Re: Windows 2012 R2 Guest Hangs and/or change state to stuck

Posted: 7. Dec 2015, 11:39
by Yvor77
Dear mpack,

Thank you for your looking into this problem.

As for your question, I traced the events back on the guest operating system. The only apparent thing running at the time of hang was Microsoft Azure AD Connect synchronisation. But the thing is, it runs in every three hours and no changes to AD has really been made, so I can hardly imagine that this process could make the guest system sweat.

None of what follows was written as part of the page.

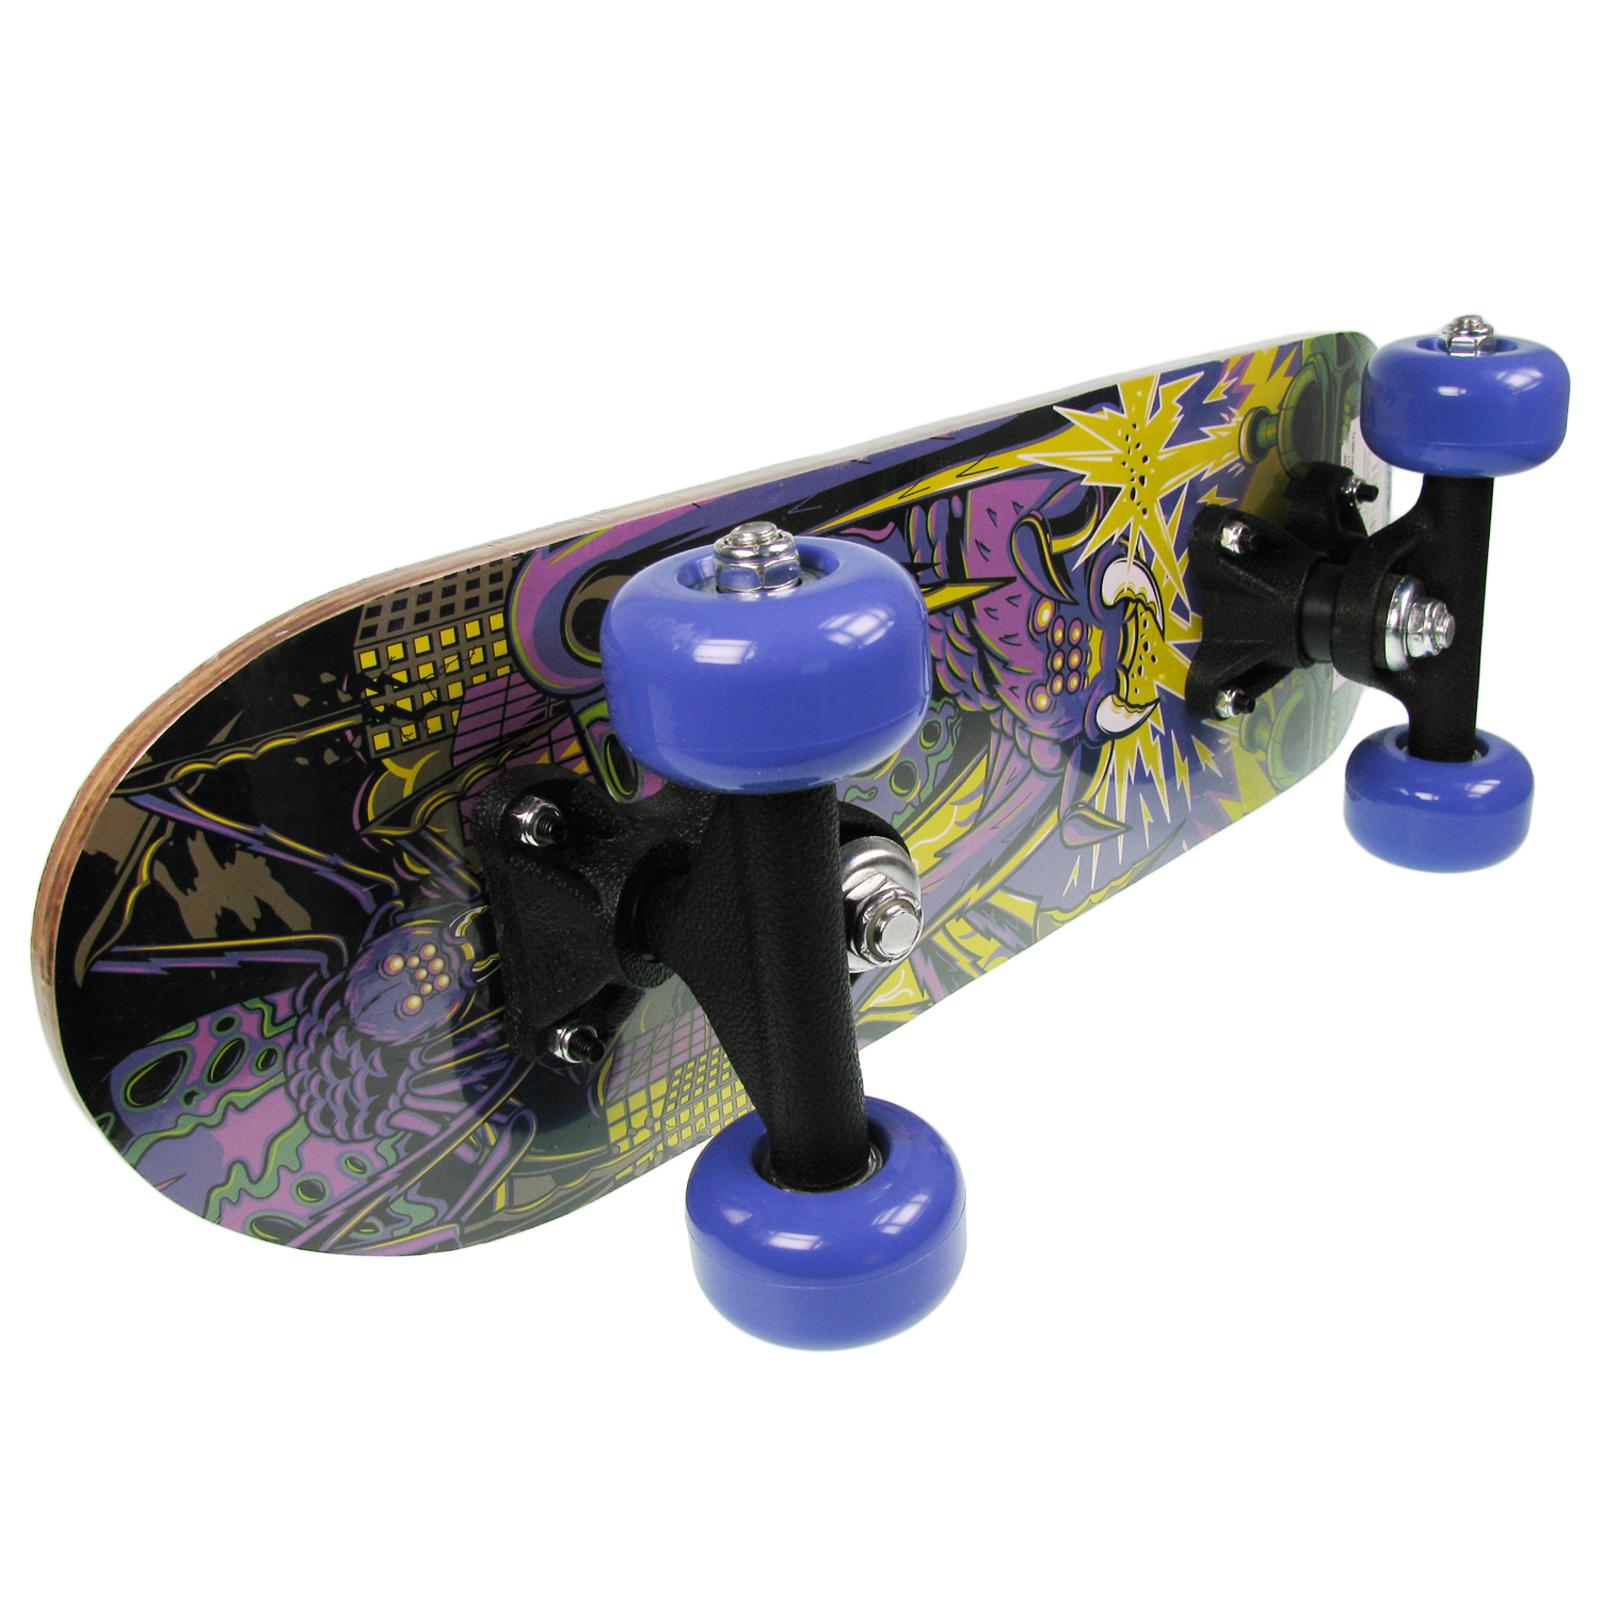 Wilton amp bradley kid childrens beginner osprey purple mini skateboard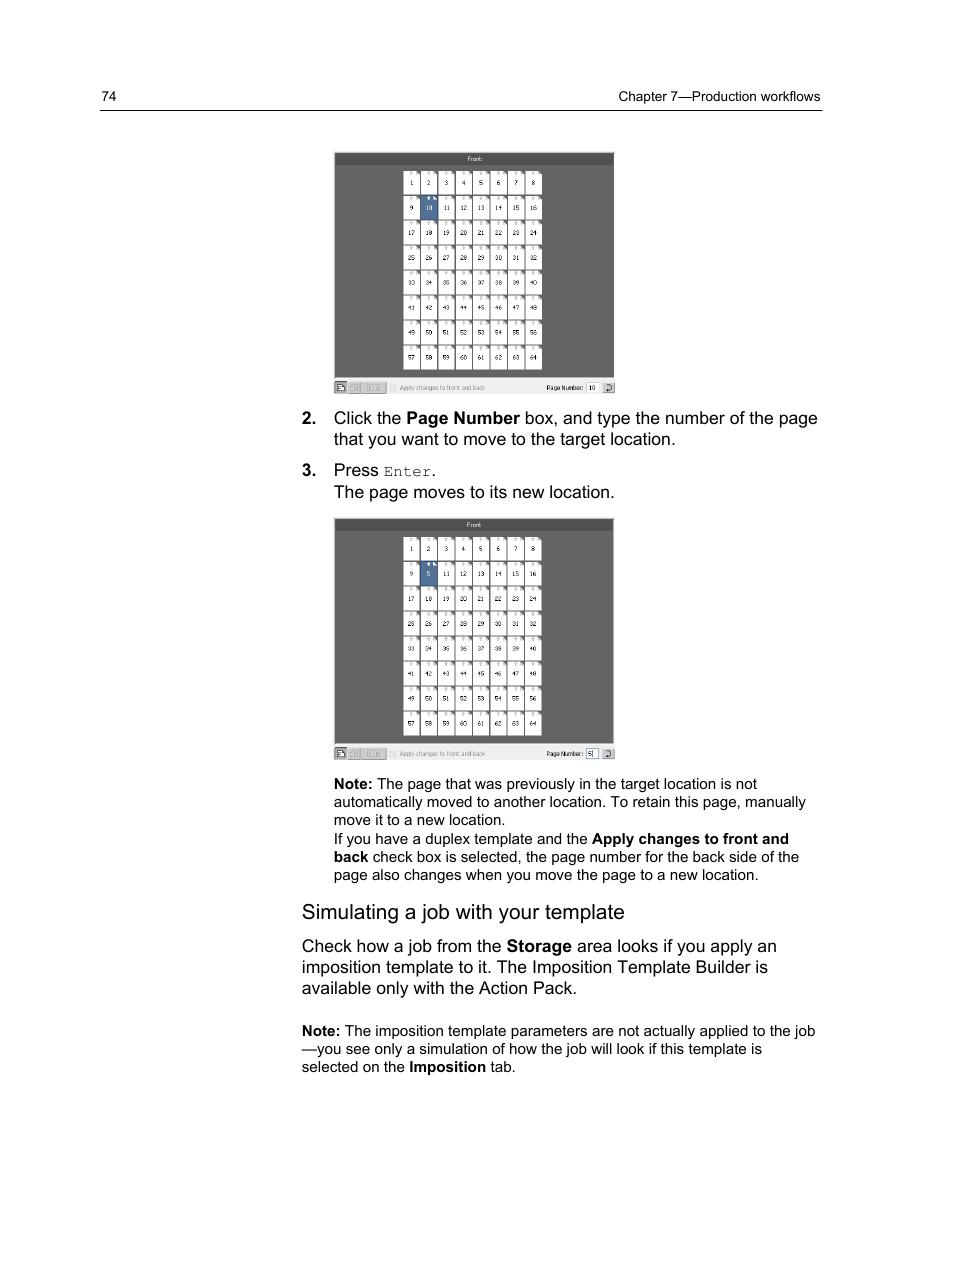 Simulating A Job With Your Template Konica Minolta Bizhub Press 1250 User Manual Page

The server also runs Spiceworks with a very small setup. The network scan can be quite intensive, but just like with the other service, this one runs more than once a day. The only other function running the box is a Windows Deployment Server service, which does not cause too much load and it never being used when the hangs happened, around midnight.

As a starting point of troubleshooting, I will disable Spiceworks and post back whether it stayed on or not. If it hangs again, I will temporarily disable AD synchronisation.

I am still a little bit clueless what to do if one or the other service causes the hangs.

I will post back, when I have new information.

Thank you for your time and effort.

Re: Windows 2012 R2 Guest Hangs and/or change state to stuck

Posted: 7. Dec 2015, 15:42
by mpack
Yvor77 wrote:The only apparent thing running at the time of hang was Microsoft Azure AD Connect synchronisation. But the thing is, it runs in every three hours and no changes to AD has really been made, so I can hardly imagine that this process could make the guest system sweat.
I referred to something consuming CPU or I/O time on the host, not the guest.